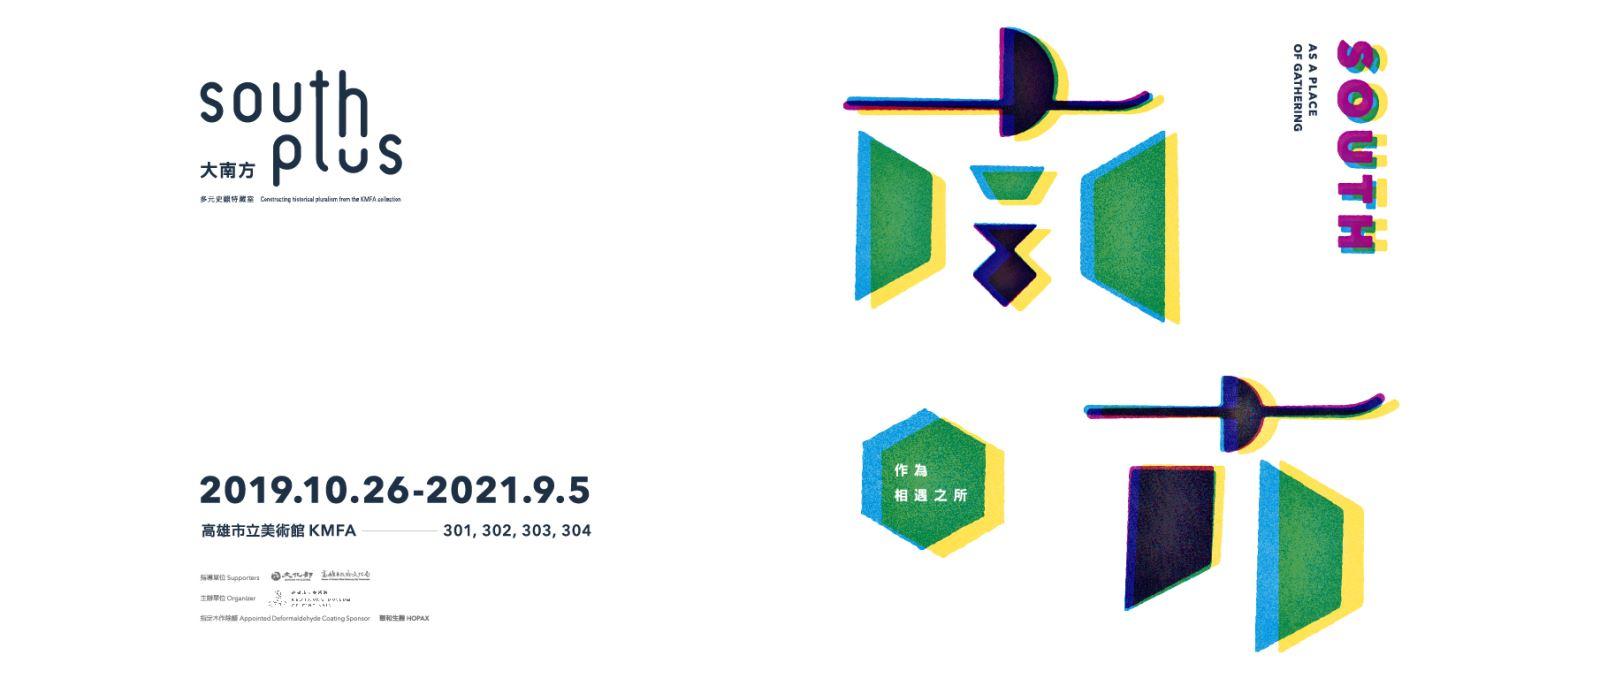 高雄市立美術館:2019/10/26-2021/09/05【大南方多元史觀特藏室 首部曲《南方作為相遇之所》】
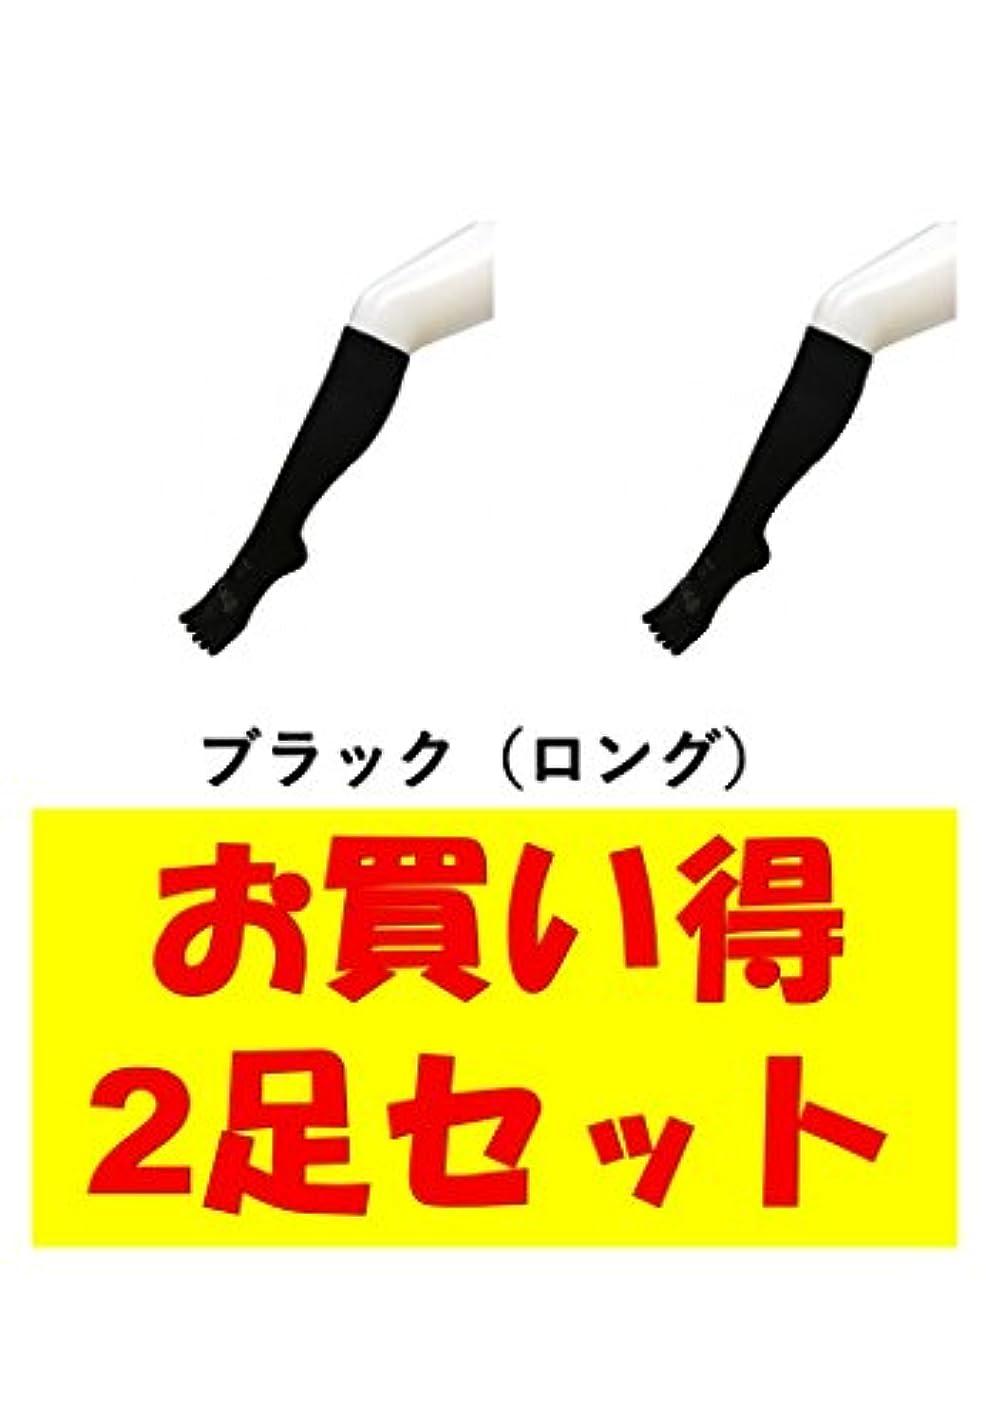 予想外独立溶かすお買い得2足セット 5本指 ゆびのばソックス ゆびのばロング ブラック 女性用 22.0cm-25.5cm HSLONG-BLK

+++

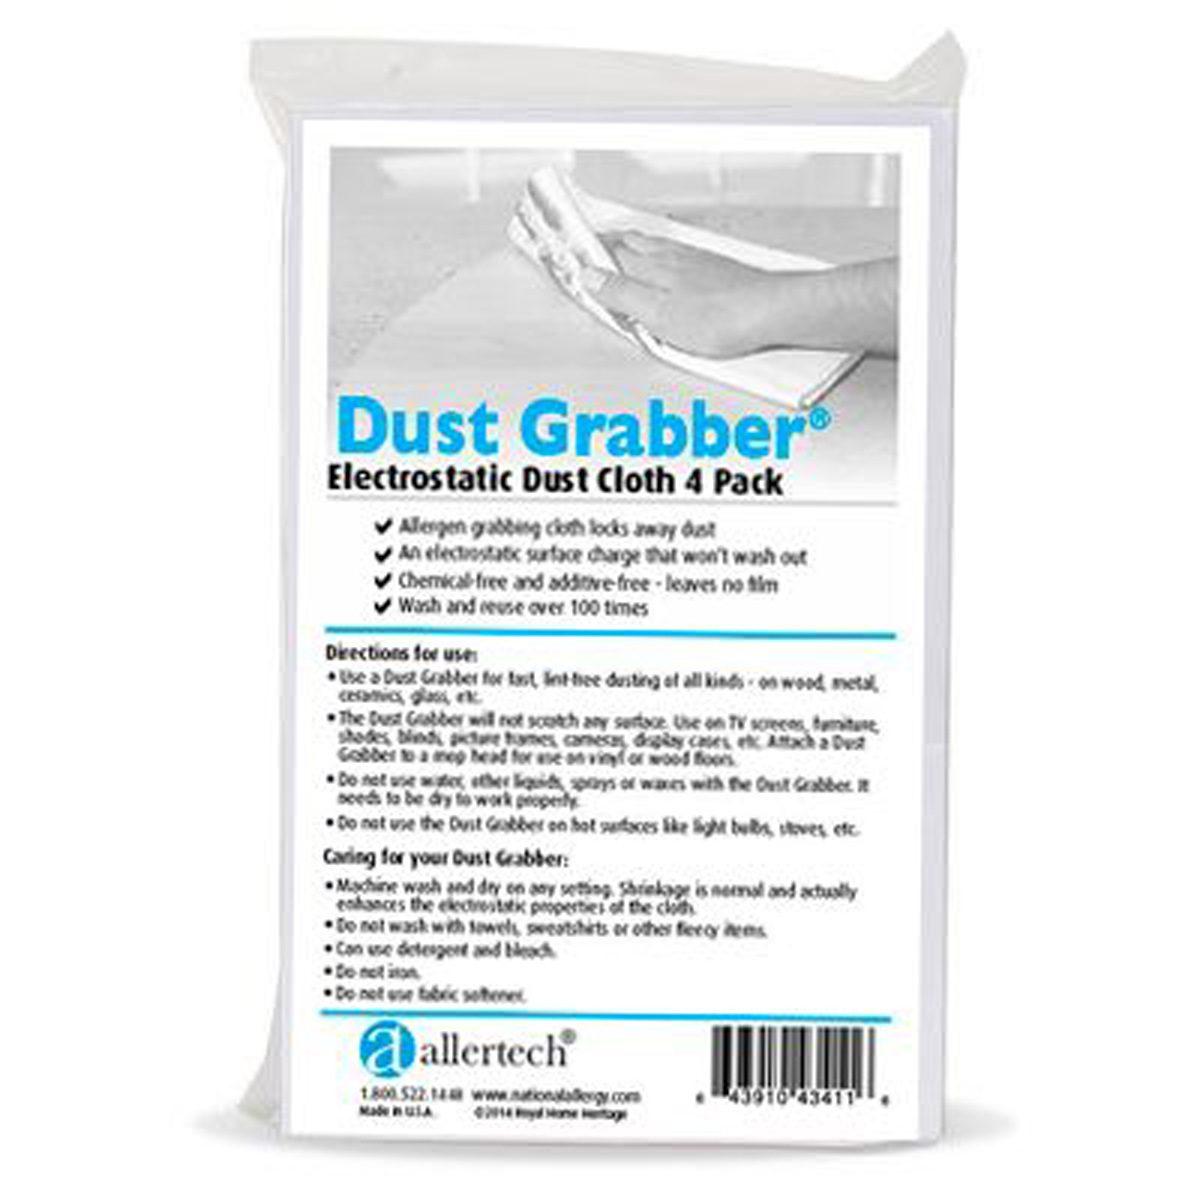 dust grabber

+++

→ **Assignment**
Taking the entries above, extract every line from the one bearing "高雄市立美術館:2019/1" through the one bearing "予想外独立溶かすお買い得2足セット 5本指 ゆびのばソックス", exactly, with no pictures.

→ **Solution to this problem**
 高雄市立美術館:2019/10/26-2021/09/05【大南方多元史觀特藏室 首部曲《南方作為相遇之所》】
 予想外独立溶かすお買い得2足セット 5本指 ゆびのばソックス ゆびのばロング ブラック 女性用 22.0cm-25.5cm HSLONG-BLK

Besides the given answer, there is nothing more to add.